Much to his relief, Mercy offered a small smile - a rather ironic one, but a smile all the same. "I think she had every right to call off the wedding, for the meantime, at least, after what you said. I'd have done the same thing too, if Tony had done the same thing."
"What, you mean the bloke has proposed already? How come I didn't know about that?"
Mercy narrowed her eyes at him, though there was no danger in her eyes now. "He did not, Alec. It's only been what... Six months? And don't change the subject." She turned the flame of the stove off, and headed back to the fridge.
Alec walked to the stools that were arranged around the middle counter of the kitchen, grabbing plates, cutlery, wineglasses, and an opened bottle of red wine along the way. "What am I supposed to do then? Neither you nor I know where she is. What if she gets in trouble again?"
It was an unpleasant thought, but it had occurred to him more than once before. The incident with Landowe had taught him never to let Ami out of his sight, but now, she had virtually disappeared from right under his nose.
And all because I was a being an arse and just had to do something incredibly stupid, he thought morosely as he poured himself and his sister a glass of wine each. He drained his glass in one gulp, and proceeded to fill it again as Mercy approached with a colander filled with steaming spaghetti noodles - she had placed the colander under a hot water tap, and ran hot water over the cold-from-the-fridge noodles, thus reheating them, but not overcooking them.
"Oh, I don't think you need to worry about her," Mercy said, her voice a cheerful tone that told Alec she knew something he didn't. "Wherever she is, she's fine."
Now was Alec's turn to glare at his sister, his green eyes flashing at her through the steam that rose from the spaghetti noodles she placed on his plate. "You know where she is, don't you?"
"Of course I do," Mercy, replied as she sat across the counter from him, taking a sip from her wine as she ladled pasta sauce over her spaghetti noodles and sprinkled some slivers of parmesan cheese over it all. She popped a sliver of the cheese into her mouth before adding: "I'm her best friend, after all."
"Why didn't you tell me?" Alec demanded. "I'm her fiancé; I have a right to know where she is right now!"
"Um, I think you're her ex-fiancé now - as far as I can recall, she gave the ring back to you."
"I am still her fiancé, damn it! And I have a right to know where she is."
"I'm not telling you. She made me promise not to tell you, and personally, I think she's right. Let's just say that I know where she is, and that she's perfectly safe."
Alec groaned, resisting the urge to just bury his face in his dinner and suffocate himself to death. He should have known Mercy would know.
"Oh come on Alec, cheer up!" Mercy said brightly. She chewed her mouthful of pasta, swallowed, and smiled at him as he looked at her. "At least you know that she's safe. There's nothing to worry about: once she cools down a little, everything will be back to normal."
"It's not the same as having her with me," he muttered, ladling sauce over his noodles and stirring them around lazily.

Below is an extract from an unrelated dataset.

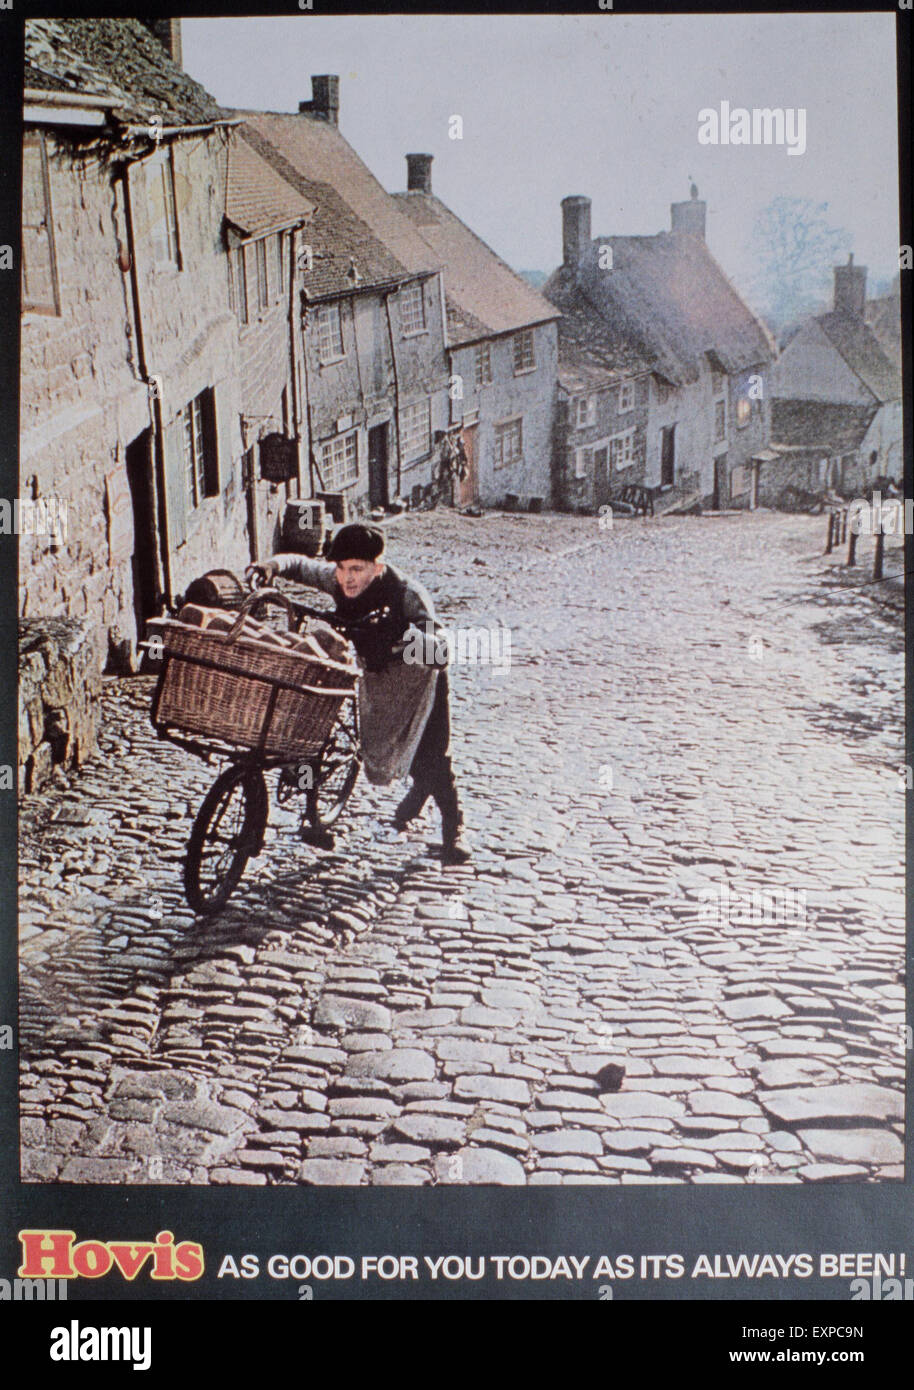 1970s UK Hovis Magazine Advert - Stock Image

Mercy snorted. "I think it's better that the two of you have some time to cool off. If I have to spend one more night under the same roof with you two when you're in one of your 'moods,' I think I'd go crazy. At least Tony and I have the decency to go to his place when things get a little hotter than usual."
Alec glared at her, but after a moment, he smirked, and shook his head. "Maybe you do have a point there, Mercy."
"Of course I do. I always do."
"Watch your ego, Mercy."
"Alec? Just shut up and pass me the wine."